The availability of large, structured populations of neural networks — called “model zoos” — has led to the development of a multitude of downstream tasks ranging from model analysis, to representation learning on model weights or generative modeling of neural network parameters. However, existing model zoos are limited in size and architecture and neglect the transformer, which is among the currently most successful neural network architectures. We address this gap by introducing the first model zoo of vision transformers (ViT). To better represent recent training approaches, we develop a new blueprint for model zoo generation that encompasses both pre-training and fine-tuning steps, and publish 250 unique models. They are carefully generated with a large span of generating factors, and their diversity is validated using a thorough choice of weight-space and behavioral metrics. To further motivate the utility of our proposed dataset, we suggest multiple possible applications grounded in both extensive exploratory experiments and a number of examples from the existing literature. By extending previous lines of similar work, our model zoo allows researchers to push their model population based methods from the small model regime to state-of-the-art architectures.

Installation

Requirements

For this project we use python 3.10.6. The packages required to run the code are listed in the requirements.txt file. You can install them using the following command:

pip install -r requirements.txt

Usage

Structure

The dataset is structured as follows:

- dataset
    - pretraining
        - model 1
            - checkpoint_0000XY
            - config.json
            - result.json
        - ...
    - finetuning
        - pretrained model 1
            - model 1
                - checkpoint_0000XY
                - config.json
                - result.json
            - ...

The pretrained models are stored in the pretraining folders, their names include the generating factors used to create them. The finetuned models are stored in the finetuning folders and are ordered per pretrained model they were finetuned from. Each model directory contains a config.json file with the model configuration result.json file with the model performance metrics. Moreover, it includes multiple checkpoints of the models during training in the format checkpoint_0000XY/checkppints.

Loading a model

To instantiate a model, simply instantiate the NNModule class with the config.json file of the model you want to load. To load a checkpoint, load the state dictionary of the checkpoint and load it into the model. The following code snippet demonstrates how to load a model and a checkpoint:

import torch
import json
from experiment_runner.def_net import NNModule

# Load the model configuration
config = json.load(open('path/to/config.json'))
model = NNModule(config)

# Load the model checkpoint
checkpoint = torch.load('path/to/checkpoint_0049/checkpoints')
model.model.load_state_dict(checkpoint)

Training a model

To train a model, data preprocessing is required, which is detailed in the section below. After preprocessing the data, models can be trained using ray tune. The process is similar to before, but now includes an experiment runner that handles the training process. We include sample scripts and configurations for both pre-training and finetuning of the language and vision models, see the experiments folder.

Data preprocessing

The data preprocessing is different for the language and vision models. For the language models, the data is tokenized and split into training and validation sets. For the vision models, the data is loaded from the dataset and split into training and validation sets.

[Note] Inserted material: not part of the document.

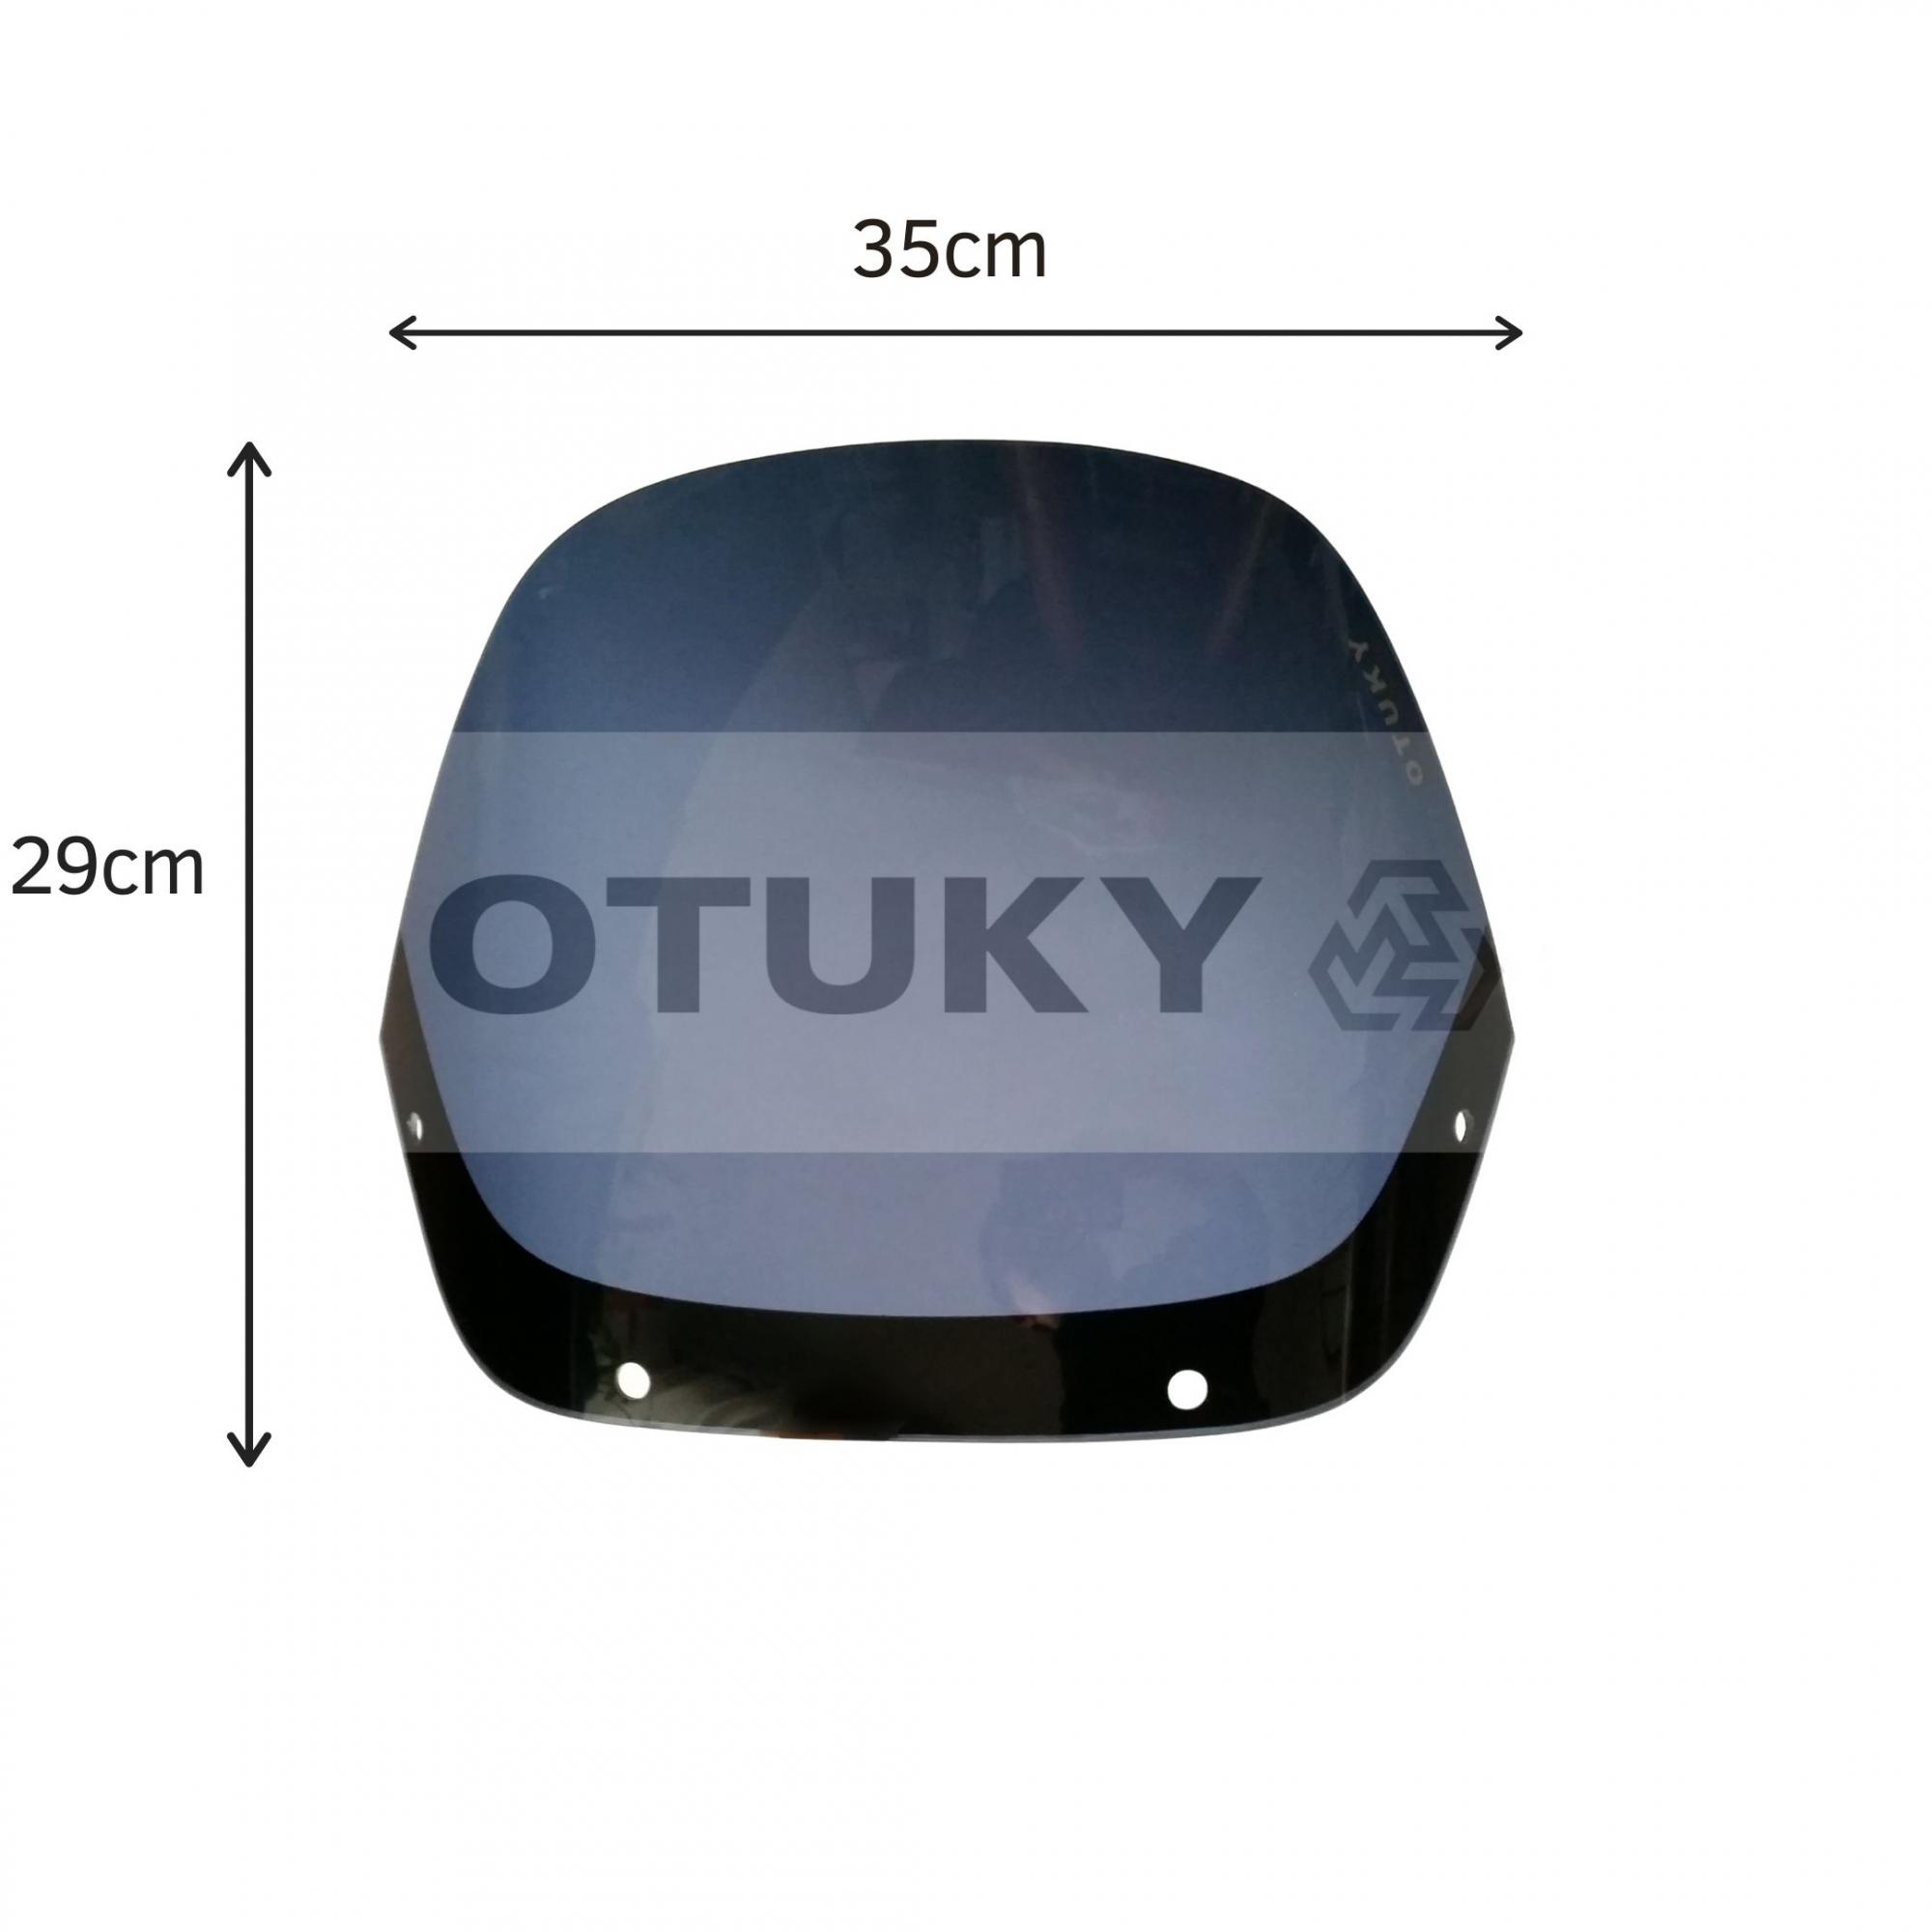 Bolha para Moto NX 350 Sahara Tamanho Padrão Otuky Fumê Escuro

We include sample scripts for the data preprocessing in the data_preparation folder. These scripts are used to create dataset dumps that can be loaded into the training scripts. Once a dataset dump is created, it can be loaded automatically by providing the path to the dump in the configuration.

config['dataset::dump'] = 'path/to/dataset/dump'

It is also possible to load the dataset directly in the experiment file and pass it to the model. The following code snippet demonstrates how to load the dataset directly in the experiment file:

from torchvision.datasets import CIFAR100

trainset = CIFAR100(root="data", train=True, download=True)
testset = CIFAR100(root="data", train=False, download=True)

dataset = {
    "trainset": trainset,
    "testset": testset,
}

dataset_ref = ray.put(dataset)
config["dataset::ref"] = dataset_ref

Training a model from scratch

To train a model from scratch, simply instantiate a configuration file and pass it to the experiment runner. We include sample configurations for the language and vision models in the example_configs folder as well as corresponding experiment runners in the experiments folder.

The following code snippet demonstrates how to train a model from scratch:

import logging
from experiment_runner.def_nn_experiment import NN_tune_trainable
import ray

import json
import torch
from pathlib import Path

PATH_ROOT = Path(".")

def main():
    cpus = 12
    gpus = 1

    cpu_per_trial = 12
    gpu_fraction = ((gpus * 100) // (cpus / cpu_per_trial)) / 100
    resources_per_trial = {"cpu": cpu_per_trial, "gpu": gpu_fraction}

    
    config = json.load(open("example_configs/config_vit_finetuning.json", "r"))
    config["cuda"] = True if gpus > 0 and torch.cuda.is_available() else False
    config["dataset::dump"] = "path/to/dataset/dump"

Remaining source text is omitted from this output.